Finding Answers in Thought Matters: Revisiting Evaluation on Large Language Models with Reasoning
This addresses the need for more reliable evaluation methods in AI research, particularly for reasoning models, though it is incremental as it builds on existing extraction techniques.
The paper tackles the problem of evaluating large language models (LLMs) in reasoning tasks by showing that answer extraction algorithms significantly affect performance and answer distributions, and proposes an Answer Regeneration framework that improves robustness and performance across math and open-ended QA tasks.

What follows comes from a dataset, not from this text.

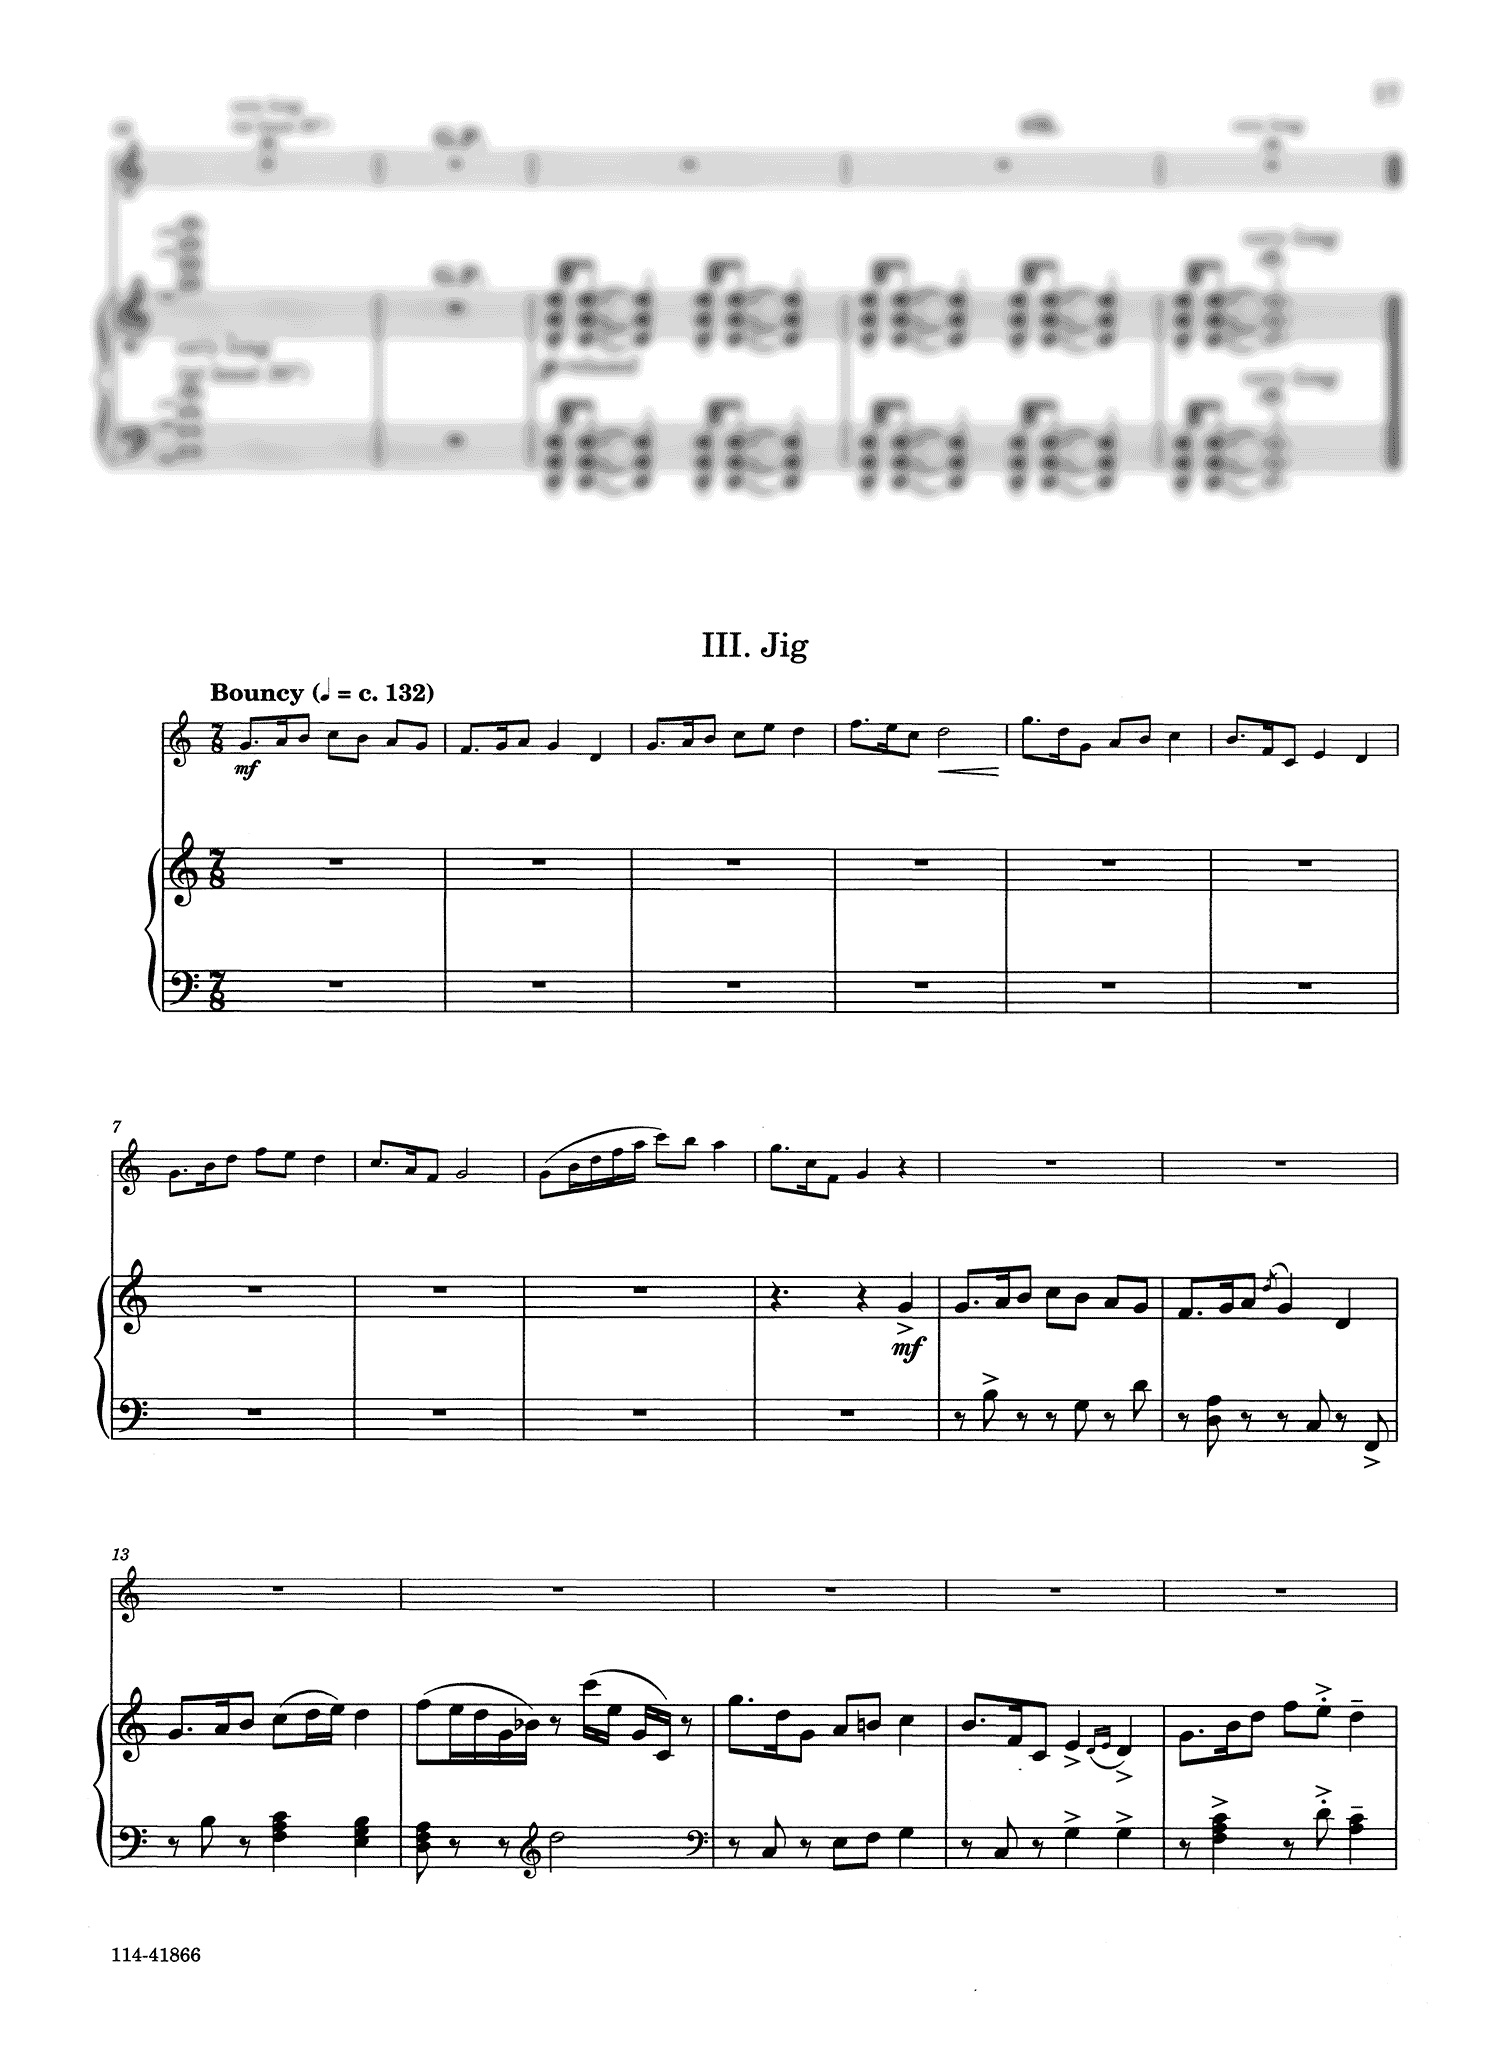 Sean Osborn Sonata for E-flat Clarinet & Piano - Movement 3

Evaluating generative models, such as large language models (LLMs), commonly involves question-answering tasks where the final answer is selected based on probability of answer choices. On the other hand, for models requiring reasoning, the method of answer extraction plays a critical role. Our research reveals that the performance of reasoning models and their final answer distributions are highly sensitive to the answer extraction algorithm employed. In order to mitigate this, we propose a basic framework: Answer Regeneration. The method uses an additional model inference, providing the prior input and output prefaced by the prompt "Answer:". The final answer is then selected or extracted from the regenerated output. We show that this extraction-rule-agnostic approach exhibits improved performance and enhanced robustness. Furthermore, we have applied this framework to general math problems and open-ended question answering tasks. Our analysis and this framework could offer a more reliable results for model evaluation.